# [V] Steam Account (HL, HL2, CSS, L4D und Co. mit CDs)



## Rosini (5. Februar 2009)

Moing! 

Ich verkaufe meine kleine Steam-Spiele Sammlung, und da ich sie einzeln nicht verkaufen kann, wird sie eben komplett verkauft! Im Spielepacket sind enthalten:

*Half Life: Source
HL Deathmatch: Source

Half Life 2 - Erstausgabe
Half Life 2 - Episode one
Half Life 2 - Lost Coast
HL2: Deathmatch

Counterstrike: Source

Left 4 Dead
*
Letzteres ist neu hinzugekommen, nur trifft es doch leider nicht so meinen Geschmack.
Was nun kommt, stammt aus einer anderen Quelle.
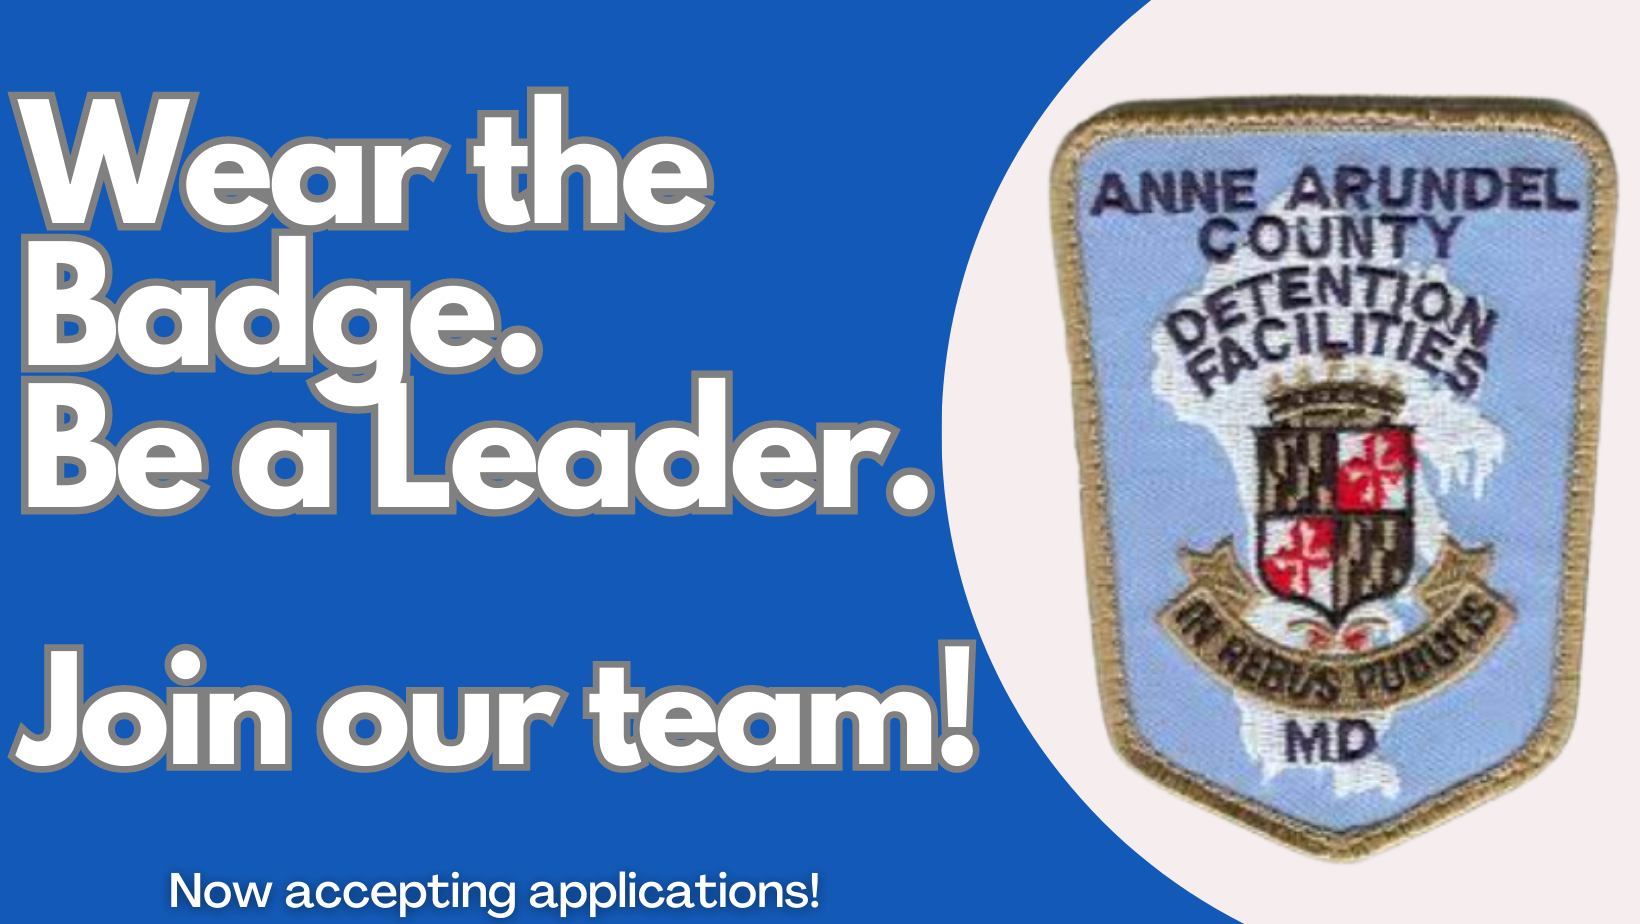 Wear the badge. Be a leader. Join our team!

Da ich eh keine Zeit mehr fürs Spielen habe, wird das Packet verkauft. Wahlweise nur den Account oder eben samt CD Sammlung. Bitte macht vernünftige Angebote und bedenkt, dass L4D ein neus Spiel ist, beinahe unbenutzt/gespielt

Kurzes zum SteamAccount selbst: Selbstverständlich gab es nie beschwerden online, ergo nie gebannt, oder sonst was... dafür gebe ich Brief und Siegel...

Wer den Account erwirbt bitte Emailadresse ändern, danke...

Angebote bitte hier oder über PN, sowie email: r0sini@web.de

lg


----------



## Rosini (8. Februar 2009)

und hop


----------